Apelação Cível n. XXXXX-63.2013.8.24.0018, de Chapecó

Relator: Des. Helio David Vieira Figueira dos Santos

APELAÇÃO CÍVEL. AÇÃO DE COBRANÇA. SEGURO OBRIGATÓRIO ( DPVAT). SENTENÇA DE IMPROCEDÊNCIA. INSURGÊNCIA DOS AUTORES. AUSÊNCIA DE COMPROVAÇÃO DO NEXO CAUSAL ENTRE O ACIDENTE DE TRÂNSITO E O ÓBITO DO SEGURADO. INTELIGÊNCIA DO ART. 5º, § 3º DA LEI N. 6.194/74. ÔNUS DA PROVA QUE INCUMBE AOS DEMANDANTES (ART. 333, I, CPC/73). INDENIZAÇÃO INDEVIDA. SENTENÇA MANTIDA. RECURSO DESPROVIDO.

Na ausência de prova do nexo causal entre o acidente e o óbito do segurado, não há falar em direito à indenização do seguro obrigatório DPVAT.

Vistos, relatados e discutidos estes autos de Apelação Cível n. XXXXX-63.2013.8.24.0018, da comarca de Chapecó 3ª Vara Cível em que são Apelantes Eloir Antonio Livi e outros e Apelado Mapfre Vera Cruz Seguradora S/A.

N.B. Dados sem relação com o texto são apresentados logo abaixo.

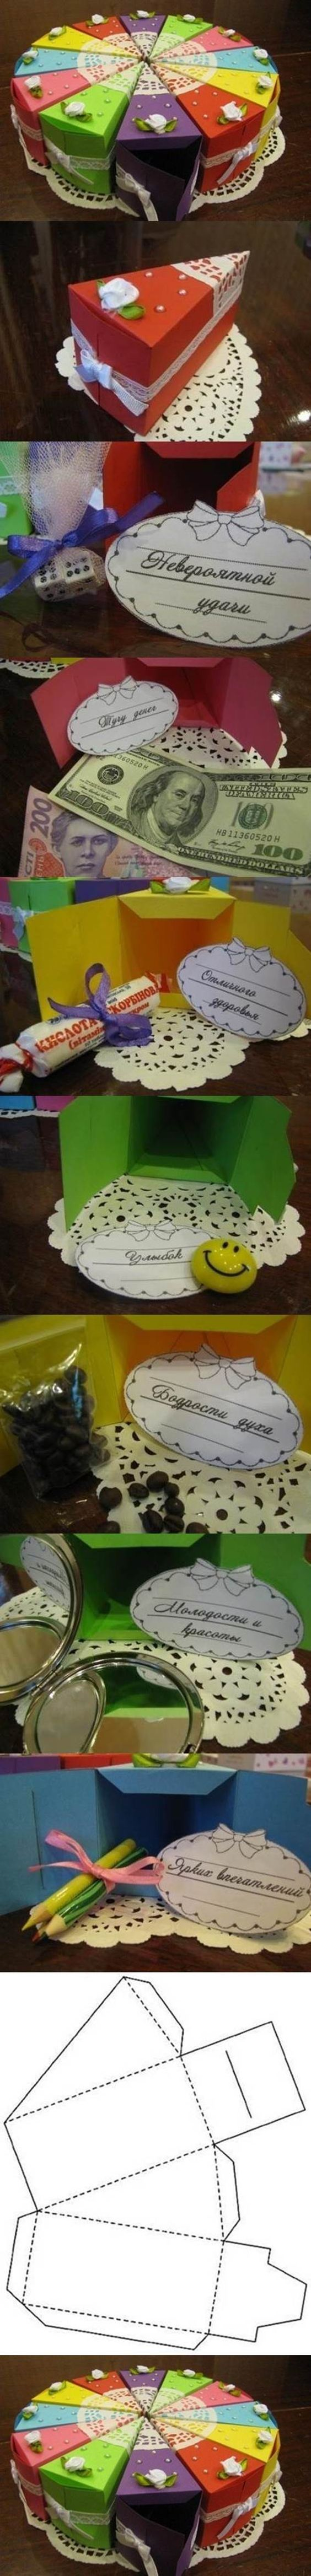 DIY Cake Shaped Gift Boxes | iCreativeIdeas.com Like Us on Facebook ==> https://www.facebook.com/icreativeideas:

A 2ª Câmara de Enfrentamento de Acervos decidiu, por unanimidade, conhecer do recurso e negar-lhe provimento.

Participaram do julgamento, realizado nesta data, os Exmos. Srs. Des. Álvaro Luiz Pereira de Andrade e Desa. Haidée Denise Grin.

Florianópolis, 8 de novembro de 2018.

Helio David Vieira Figueira dos Santos

Relator

RELATÓRIO

Eloir Antonio Livi, Marli Salete Livi, Ivo Livi e Tatiane Livi ajuizaram ação de cobrança contra Mapfre S/A, requerendo o pagamento de R$ 13.500,00 a título de indenização do seguro DPVAT. Alegaram ser filhos de Ernesto Livi, o qual, em razão de atropelamento ocorrido em 29/11/2011, ficou internado por 9 dias, recebeu alta em razão do esgotamento das possibilidades de intervenção médica e faleceu em 21/2/2012. Relataram que a culpa do condutor do veículo que causou acidente era inconteste e que esta seria a causa do óbito. Disseram, ainda, que Eloir solicitou exame cadavérico ao médico que atestou a morte do genitor, com a finalidade de esclarecer a causa mortis, pedido que teria sido negado pelo profissional. Por fim, noticiaram que houve a formulação de pedido administrativo, não atendido pela ré.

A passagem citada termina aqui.